I was small as a boy. So small, in fact, that I was regularly goaded into having my photograph taken whilst holding everyday items for scale comparison. Here I am holding a button and a daisy.


The Vivmeister family. That's me on the right. Alongside me are my three brothers: (l-r) Gimpflake, Dotor Spunkfluffer and Pooing Goose. Also, in the centre, is my sister Diane. Or, as was known before she had her name legally changed, Tits Tits Tits Tits Tits Tits Tits. Some say our unusual names were down to the off-kilter sense of humour of our father, also in this picture. But look at his face! He was nothing more than a twisted, sadistic midget whose idea of entertainment was to staple dogs and cats together and fling them over the walls of a nearby nunnery - just to hear their screams!
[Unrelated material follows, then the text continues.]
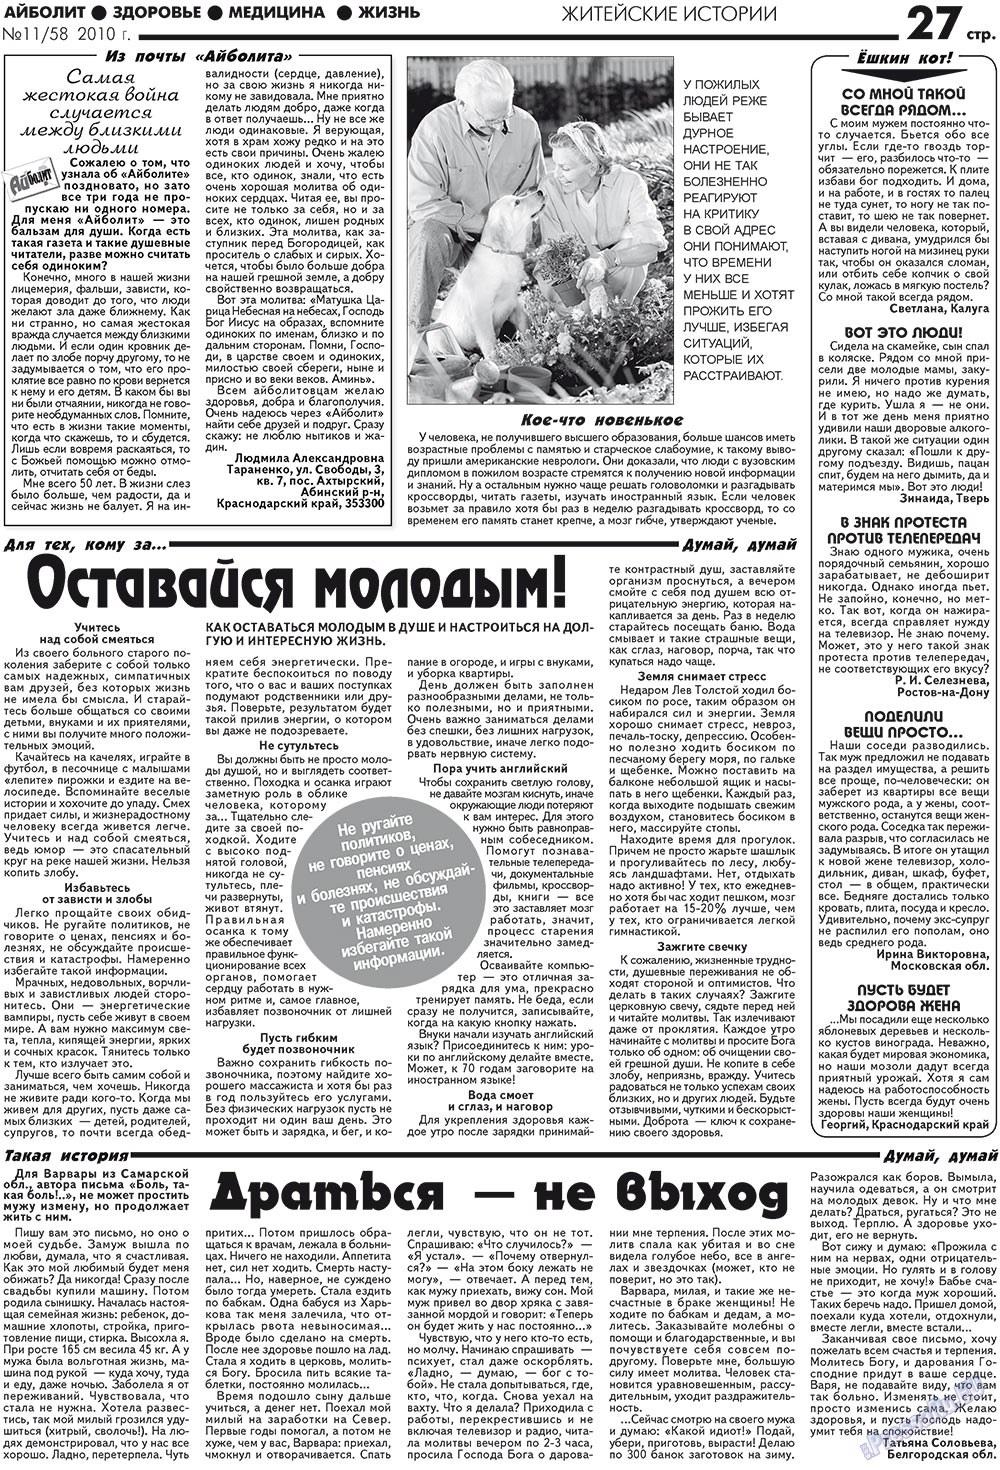 АйБолит (газета). 2010 год, номер 11, стр. 27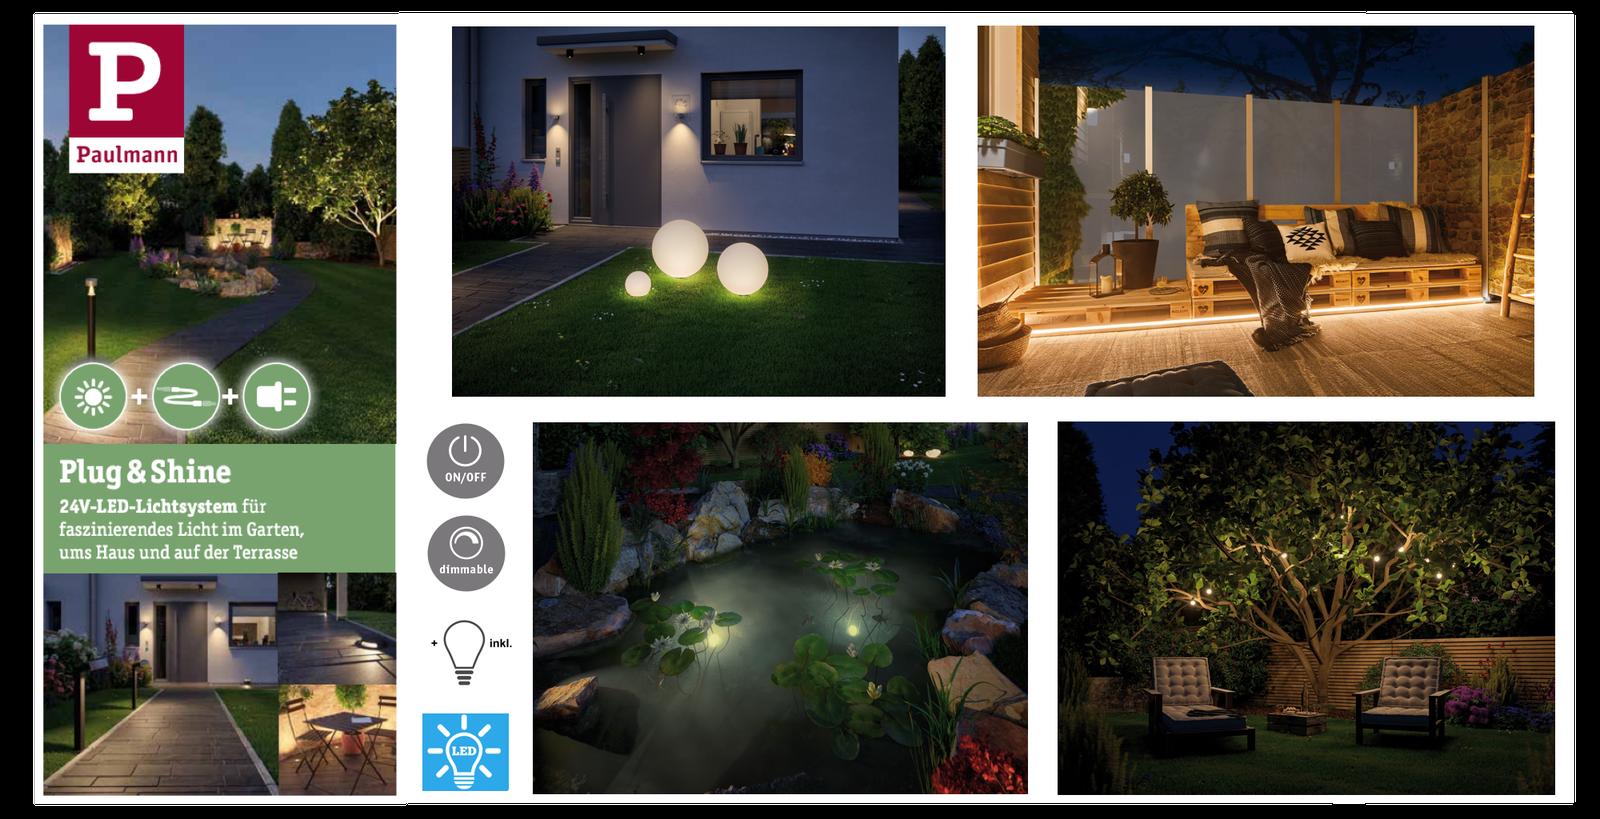 Paulmann Plug & Shine Garten Beleuchtungssortiment 24V Lichtsystem Plug&Shine

Ah, here's Sylvie, my first wife. We really did love one another, but the fact that she was conjoined at the arm to a small dog was too much for us to get used to. Seriously, all that yapping and scratching; the endless weeing; and have you ever tried to make love to a beautiful woman whilst a confused, writhing dog pants his meaty Winalot breath into your face and constantly soils himself? Probably not. Well I have - it's no picnic, let me tell you.


Here's me with my second wife, Anita. This marriage was even more short-lived than its predecessor. - in fact we broke up immediately after this photograph was taken. As it perhaps indicates, her obsession with all things Victoriana was simply too much for me to handle. After three marital months of avoiding eye-contact, singing evangelical anti-masturbation anthems every sundown and pretending that the concept of God was entirely feasible, the act of sitting completely still for six hours in a starched wool suit waiting for the Daguerreotype camera to burn this image into its development plate was the final proverbial straw. Reader, I booted her down the stairs! Proverbially speaking, of course.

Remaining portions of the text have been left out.